Zines: A Brief History


Printed matters

After Martin Luther furiously (supposedly) hammered his 95 Theses to a local church door in the 16th century, chroniclers of history saw his act as plenty of things: a righteous rally against Catholic excess, a call to arms for renewed values, a firing shot for one ripper of a Reformation.

Others, though, saw it as the world’s first zine.

The zine — that unruly riff on the glossy magazine, often handmade and always self-published — has long been associated with revolution. DIY dabblers and political thought guerrillas, superfan scenesters and couriers of counterculture have all found a home in the humble zine.

Maybe that’s because a zine’s proposition — permission self-granted, gates unkept — is a boon companion to those who operate outside of the mainstream. Or maybe it’s just because they’re a lot of fun to make.

In any case, these exuberant little publications have something big to say: Small presses, indeed, can turn over heavy pages of history. Let’s rifle through them.


Brief history

Illustration: Courtesy of the Brooklyn Museum

1517: Martin Luther nails his 95 Theses to the front door of Castle Church in Wittenberg, Germany, mobilizing the Protestant Reformation.

1876: Thomas Edison files the first U.S. patent for a machine that duplicates handwritten documents and drawings. Later marketed as the mimeograph, this proto-photocopier will become the printer of choice for zinemakers still a century away.

1930: Science fiction superfans take to making self-published booklets known as fanzines. The Comet, believed to be the first of the genre, drops its debut issue in Chicago streets.

1949: The Xerox Corporation introduces the first xerographic copier. Xerox soon becomes a verb.

1970: Copy shops arrive across the United States, along with their services for mass-printing pages on the cheap. Fanzines, by now shortened to zines, explode as a published form.

1970-1980: Inspired by the avant gardes of the 1920s and 30s, visual artists begin creating zines for mail art networks. Among them, Chicano gay liberation crusader Joey Terrill writes the Spanish-peppered Homeboy Beautiful, and Hollywood glitter rocker-turned-performance artist Robert Lambert distributes copies of Egozine.

1975-1990: Punk groups latch on to zines, recognizing them as an extension of their raucous underground art. DIY shows don’t just include a band’s music — they also include a band’s zines, which are passed around the crowd.
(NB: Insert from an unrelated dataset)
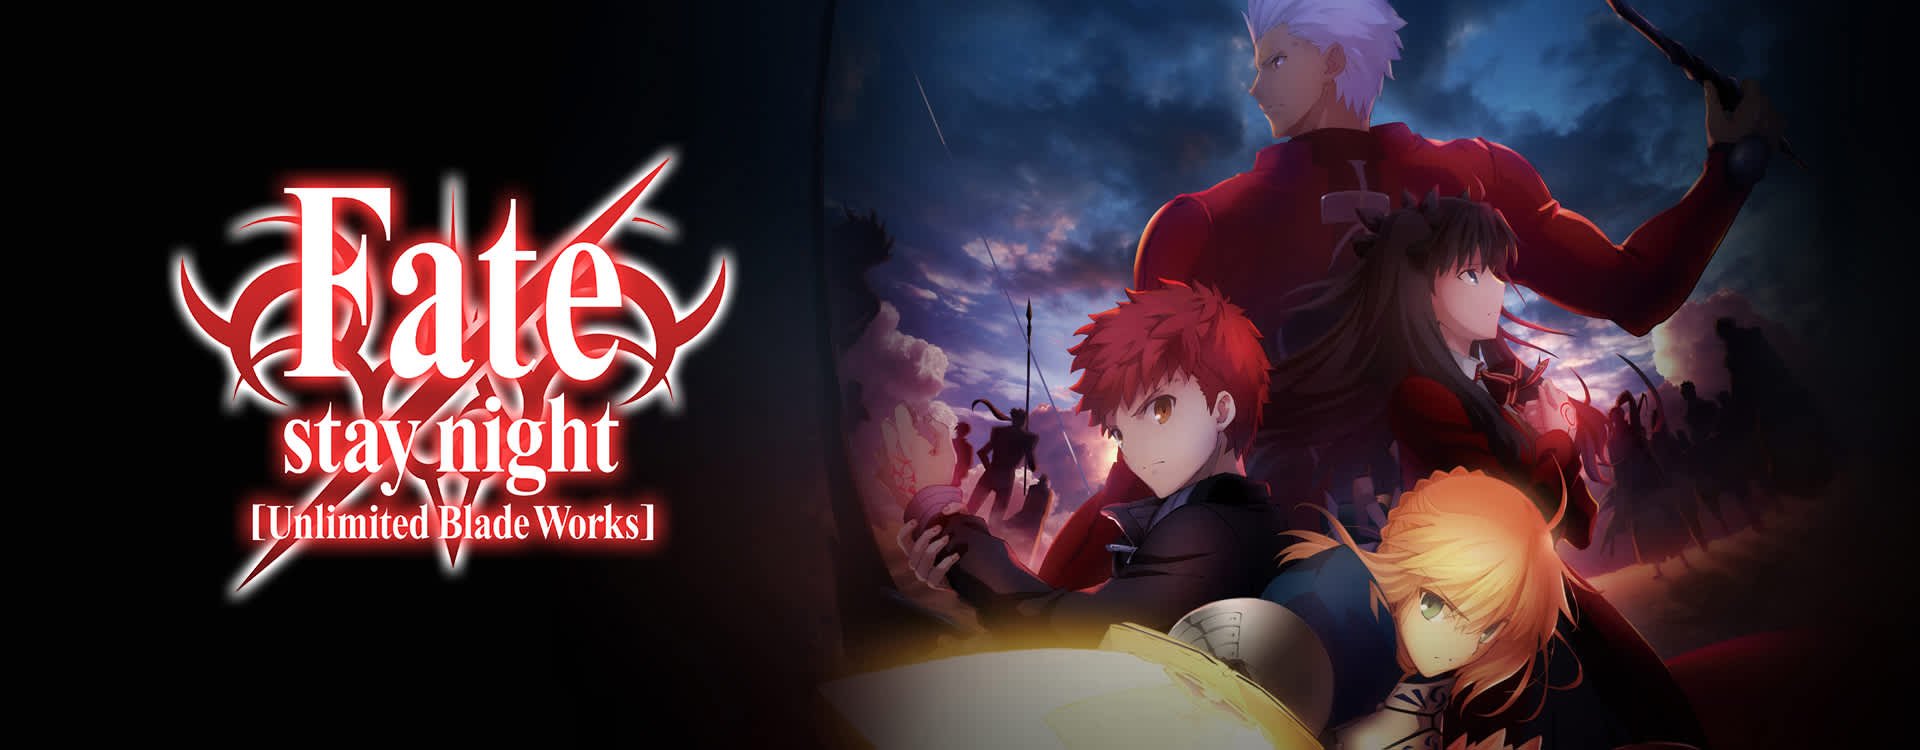 Fate/Stay Night Unlimited Blade Works, Fate/Zero, Gravitation and Junjo  Romantica to Stream on Funimation Now UK • Anime UK News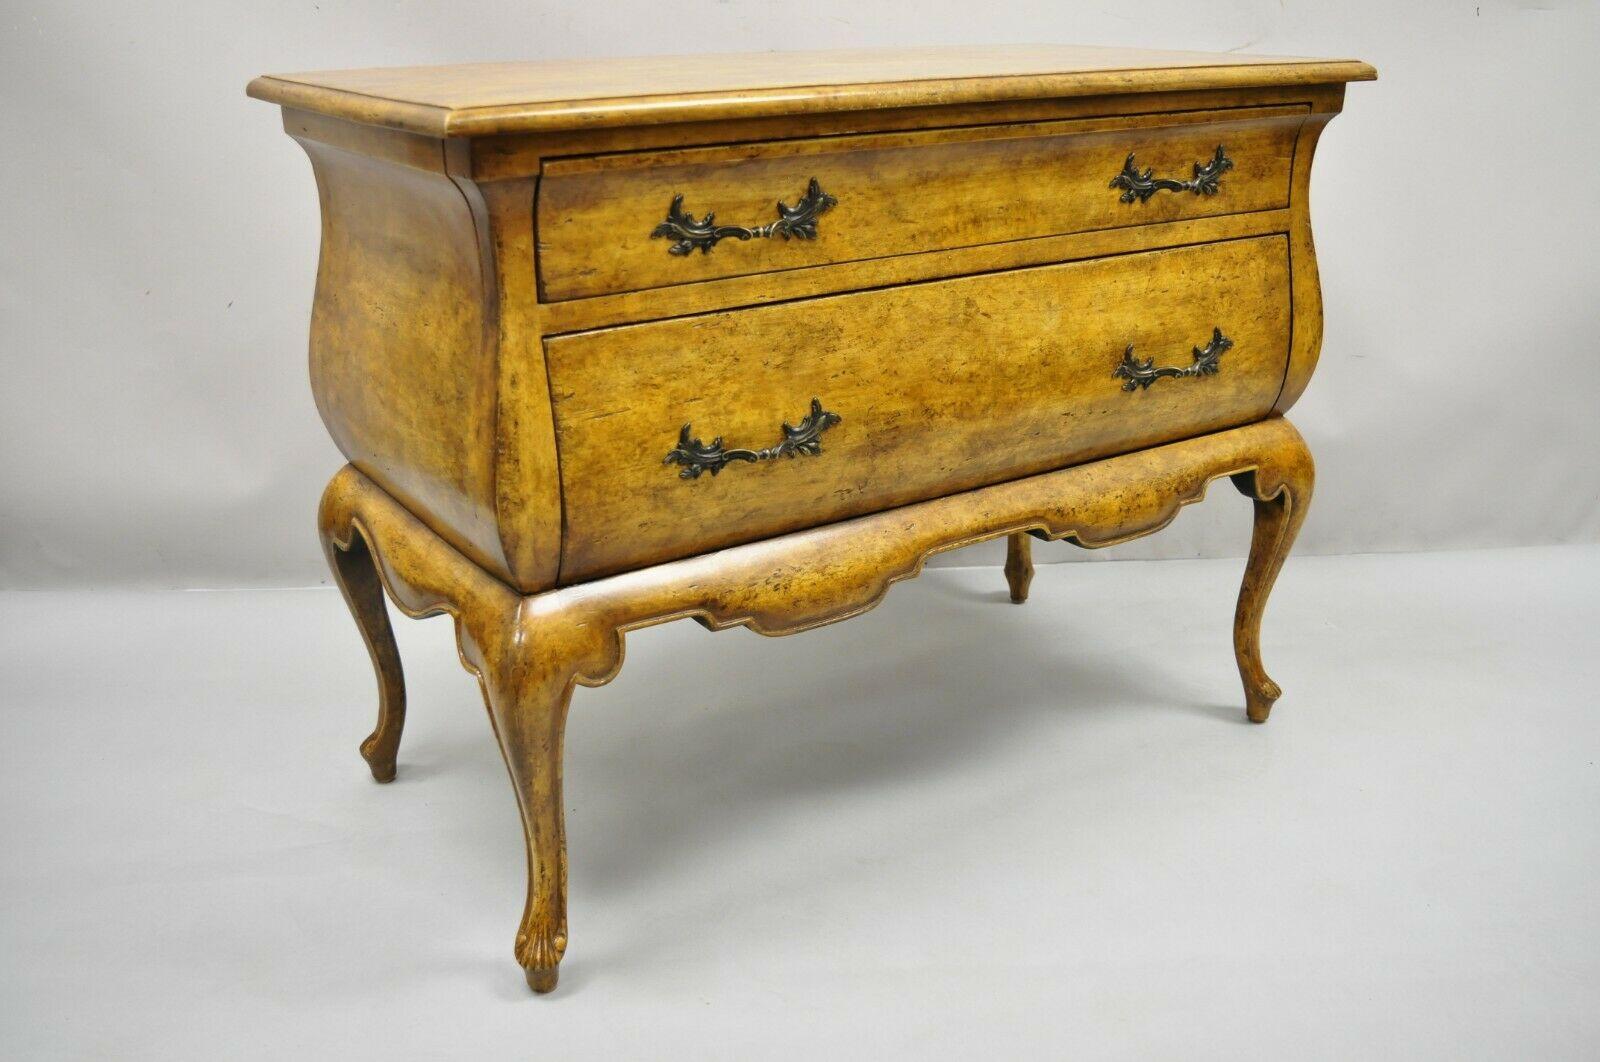 Minton Spidell French Provincial 2 Drawer Dutch Bombay Commode Chest. Item features solid wood construction, beautiful wood grain, distressed finish, nicely carved details, 2 drawers, cabriole legs, quality craftsmanship, great style and form. Circa

1987-2000: Queer and feminist revolutionaries start to distribute their own zines packed with personal narratives and subversive politics.

1990-2024: Zines are picked up by other subcultures: visual critics, ramshackle poets, and cut-and-paste crafters alike begin publishing their own pages.


Quotable

“It would be delusional to think anyone could be comprehensive on a history of zines.” Art historian Drew Sawyer, co-curator of “Copy Machine Manifestos,” the Brooklyn Museum’s 2023 exhibition on the rise and influence of artist-made zines. Sorry, Drew!


Read this!

Image for article titled Zines: Scan and release

Illustration: DC Public Library

“Bikini Kill is more than just a band or a zine or an idea, it’s a part of the revolution. The revolution is about going to the playground with your best girlfriends. You are hanging upside down on the bars and all the blood is rushing to your head.”

Flip through the first issue of Bikini Kill, written by members of the Riot Grrrl band of the same name, to see how zinemakers collaged personal artifacts into political manifestos. Inside, song lyrics, cut-and-paste photos, and hand-scrawled accounts get glued down together in a work of renegade bricolage.


Fun fact!

The Internet Archive houses a digital collection of more than 70,000 zines, with works dating back to at least 1925.


You’ve got mail

One important stop in the history of zine-making? Mailboxes.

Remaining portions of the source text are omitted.